The long minutes passed and then, in a long churn of triumphant engine, they were through-through the monster and out once more into the open sea.

Silently and smoothly the Hilda rose through the murky, carbon-dioxide-saturated water of Venus's ocean. Silence held the three, a silence that seemed enforced by the daring with which they were storming the very fortress of Venus's hostile life form. Evans had not said a word since the patch had been left behind. Lucky had locked ship's controls and now sat on the pilot swivel with fingers softly tapping his knee. Even the irrepressible Bigman had drifted glumly to the rear port with its bellying, wide-angle field of vision.

Suddenly Bigman called, "Lucky, look there."

Lucky strode to Bigman's side. Together they gazed in silence. Over half the field of the port there was only the starry light of small phosphorescent creatures, thick and soft, but in another direction there was a wall, a monstrous wall glowing in smears of shifting color.

"Do you suppose that's the patch, Lucky?" asked Bigman. "It wasn't shining that way when we came down here; and anyway, it wouldn't shine after it was dead, would it?"

Lucky said thoughtfully, "It is the patch in a way, Bigman. I think the whole ocean is gathering for the feast."

Bigman looked again and felt a little ill. Of course! There were hundreds of millions of tons of meat there for the taking, and the light they viewed must be the light of all the small creatures of the shallows feeding on the dead monster.

Creatures darted past the port, moving always in the same direction. They moved sternward, toward the mountainous carcass the Hilda had left behind.

Pre-eminent among them were arrow fish of all sizes. Each had a straight white line of phosphorescence that marked its backbone (it wasn't a backbone really, but merely an unjointed rod of horny substance). At one end of that white line was a pale yellow V that marked the head. To Bigman it looked indeed as though a countless swarm of animated arrows were swarming past the ship, but in imagination he could see their needle-rimmed jaws, cavernous and ravenous.

"Great Galaxy!" said Lucky.

"Sands of Mars!" murmured Bigman. "The ocean will be empty. Every blasted thing in the ocean is gathering to this one spot."

Lucky said, "At the rate those arrow fish must be gorging themselves, the thing will be gone in twelve hours."

Evans's voice sounded from behind them. "Lucky, I want to speak to you."

Lucky turned. "Sure. What is it, Lou?"

"When you first suggested going to the surface, you asked if I could propose an alternative."

"I know. You didn't answer."

"I can answer now.
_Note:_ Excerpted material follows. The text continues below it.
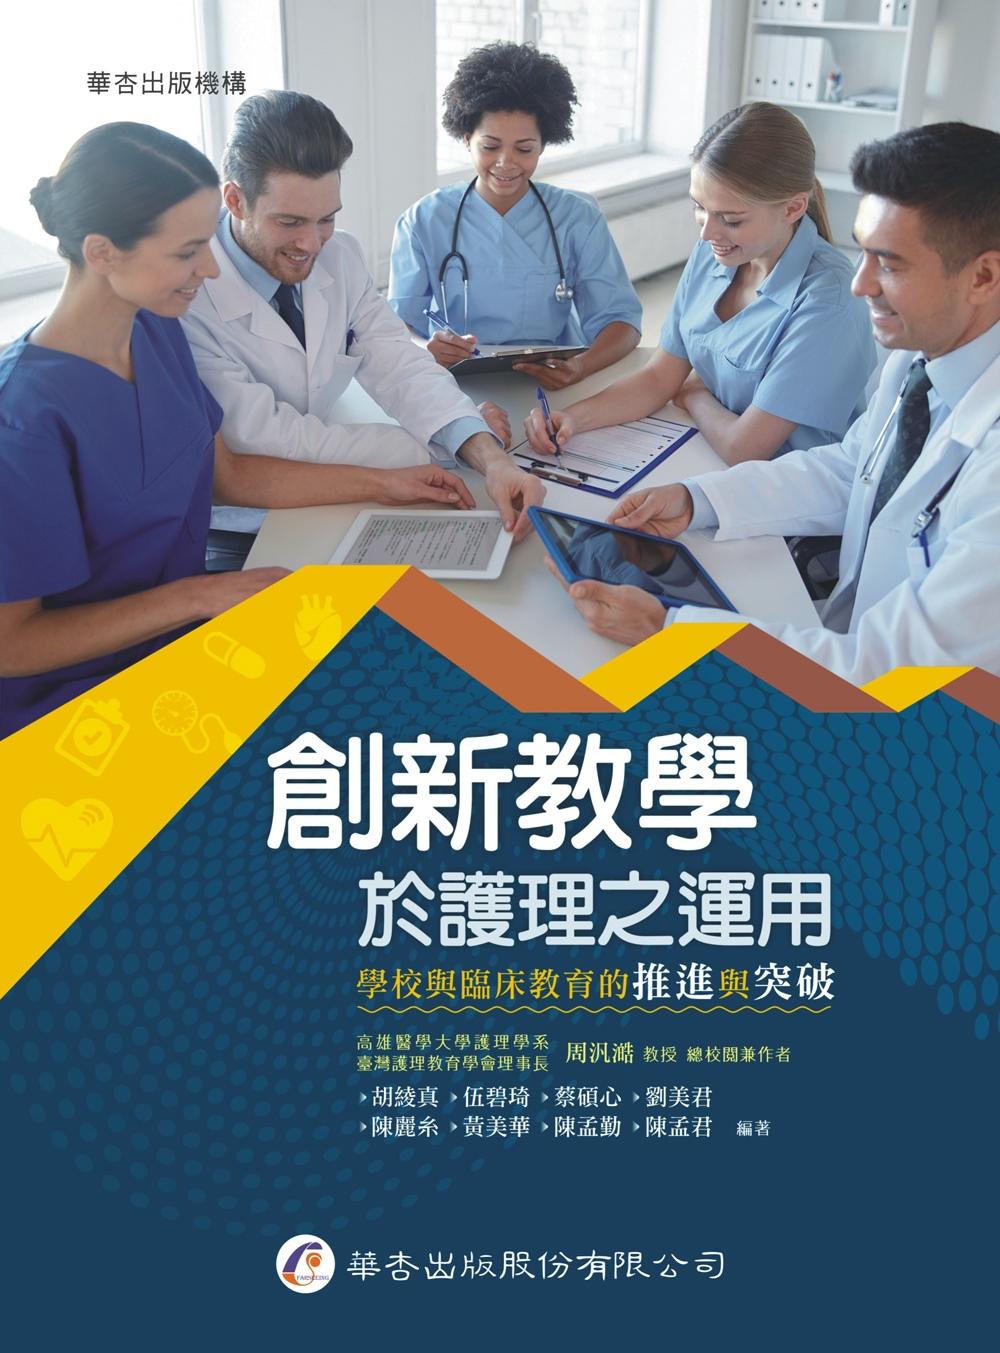 創新教學於護理之運用:學校與臨床教育的推進與突破
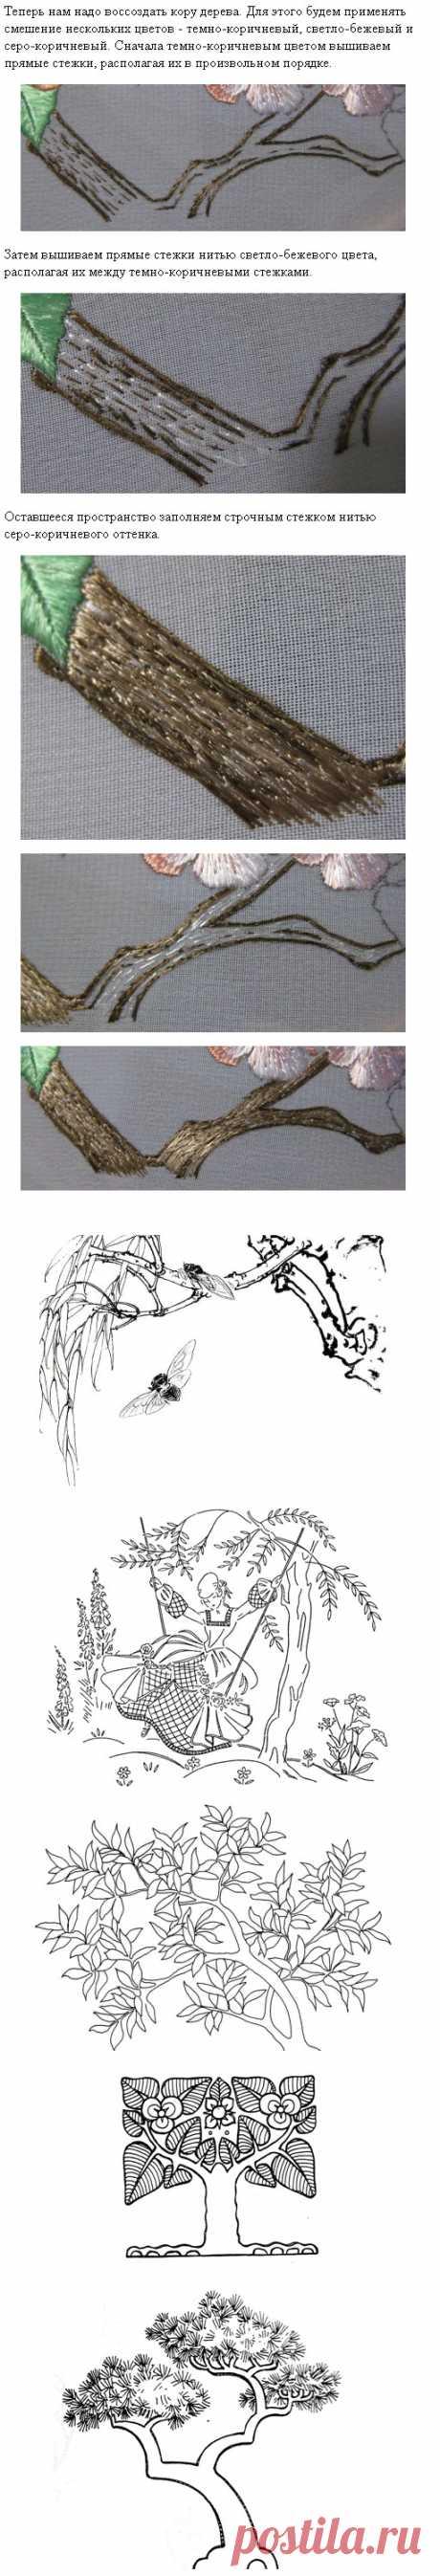 ВЫШИВКА ГЛАДЬЮ | Бесплатные Схемы и рисунки для начинающих | Цветы,как вышить цветьк гладью

I'm holding it, in fact, and the answer is that we're going back to the city."

Bigman called, "Hey, what's the idea?"

Lucky had no need to ask that question. His nostrils flared, and inwardly he raged at himself for those minutes he had spent at the porthole when all his heart, mind, and soul should have been concentrated on the business at hand.

For in Evans's clenched fist, as it lifted from his side, was Lucky's own blaster, and in Evans's narrowed eyes, there was hard determination.

"We're going back to the city," repeated Evans.